Sorry for the misunderstanding. I wasn't quite sure which of the two anecdotes you were referring to with respect to Merril. I agree it's possible she might have assumed that JGB had never been to America. She first anthologized him in 1957 ("Prima Belladonna") but didn't meet him until she first visited the UK in 1965, so during those early years she may well have made erroneous assumptions. They corresponded a number of times in those years. A Canadian friend of mine recently enquired of the national library of Canada whether the Judith Merril "fonds" they hold (which are copious) contain any Merril/Ballard letters, and was told that no, unfortunately, there is not a single one in the collection. Apparently she was scrupulous about keeping all letters to-and-from the authors she anthologized over the years, but the JGB material has gone missing. My guess is someone cherry-picked her collection before it made its way into the library.

 

I take your point about Diderot.
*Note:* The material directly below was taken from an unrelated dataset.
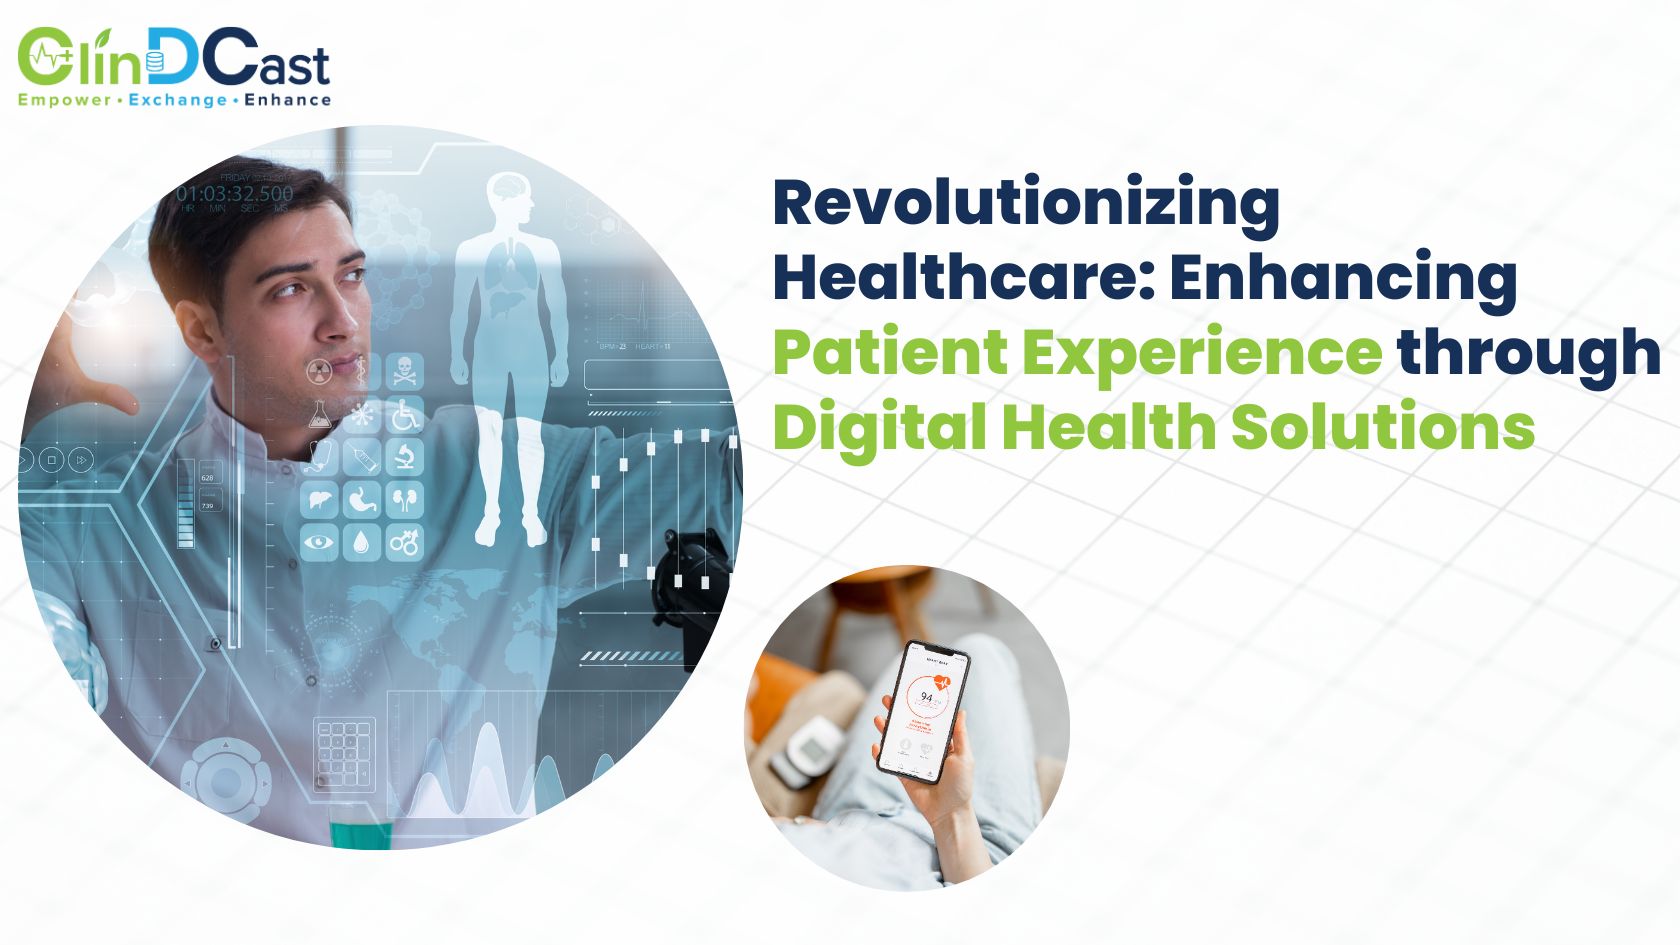 How Digital Health Solutions Improve the Patient Experience

Another French reference for you: in Huysmans' A Rebours there's a marvellous bit in which the protagonist decides to visit England, where he has never been. He gets as far as the rail station, I think, in Paris, and then is overcome with his mental visions of England, London, the fog, all the literary associations, etc., etc., and decides that no, he doesn't need to go to England after all -- he already has it in his head.

 

Were you living in Britain in the late 1960s and throughout the 1970s?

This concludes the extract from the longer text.